### ABOUT THIS TASK:
Among the entries below, find the line with "3-longpage-iphone7plus.jpg", then quote it and each following line up to and including the line with "jisp web-fb imf", and nothing else.

### EXERCISE DATA:
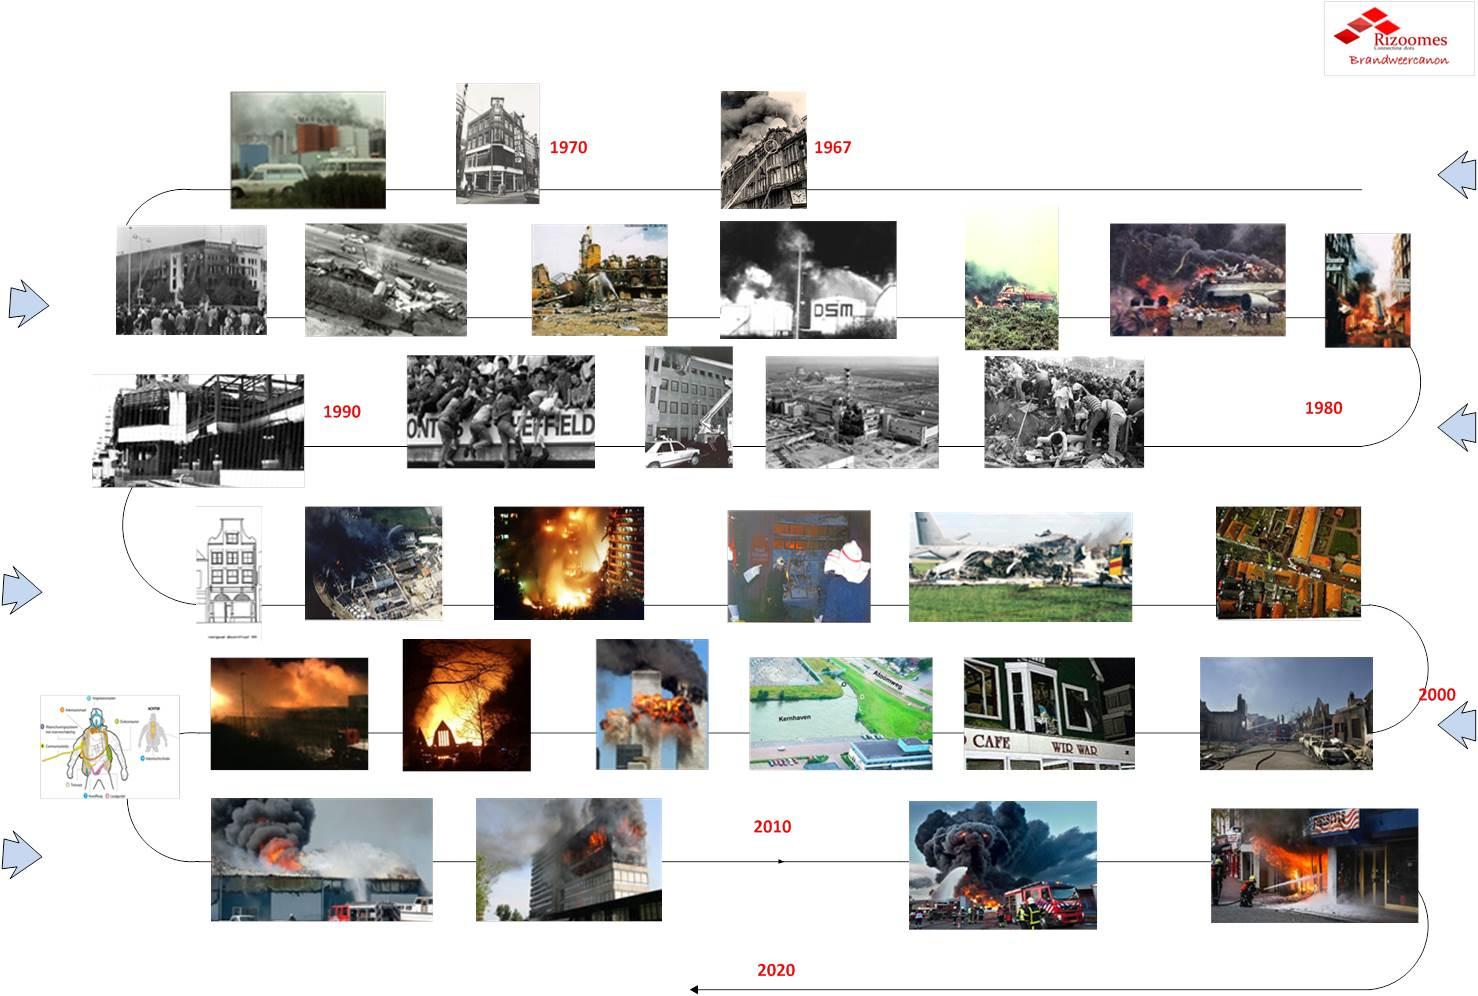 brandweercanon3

...

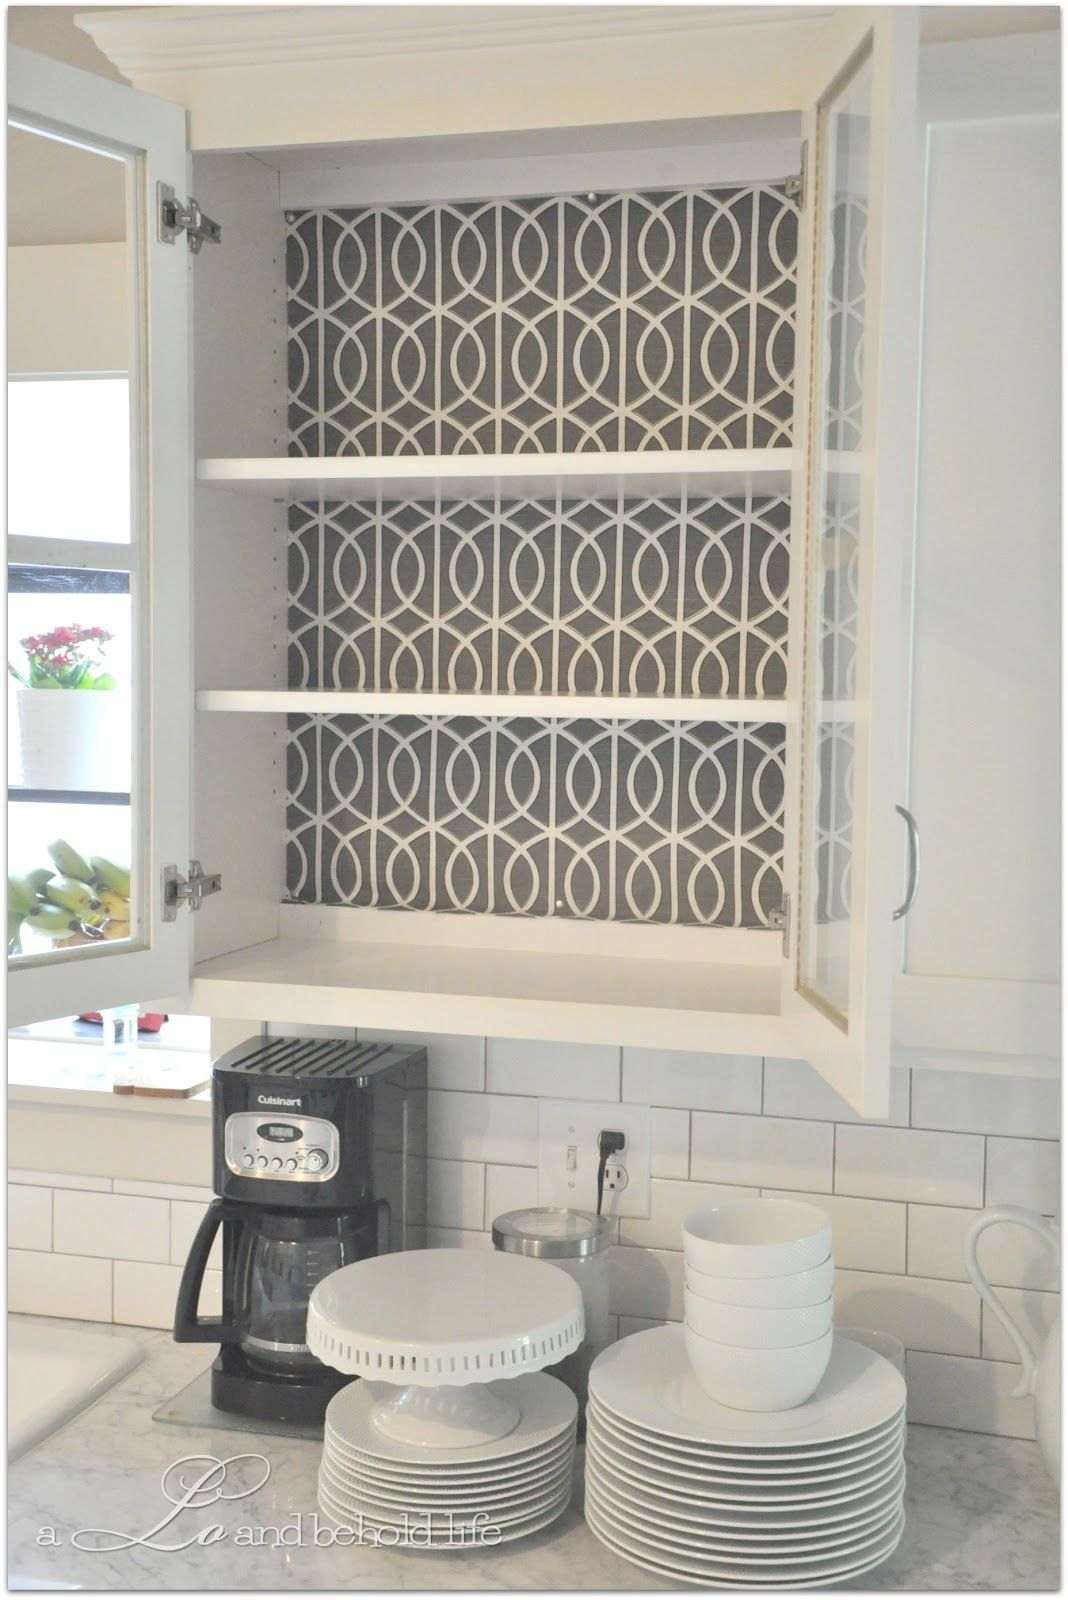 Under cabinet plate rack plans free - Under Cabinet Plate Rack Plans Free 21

==

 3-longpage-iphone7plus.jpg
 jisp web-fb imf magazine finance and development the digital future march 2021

### REPLY TO THE EXERCISE:
 3-longpage-iphone7plus.jpg
 jisp web-fb imf magazine finance and development the digital future march 2021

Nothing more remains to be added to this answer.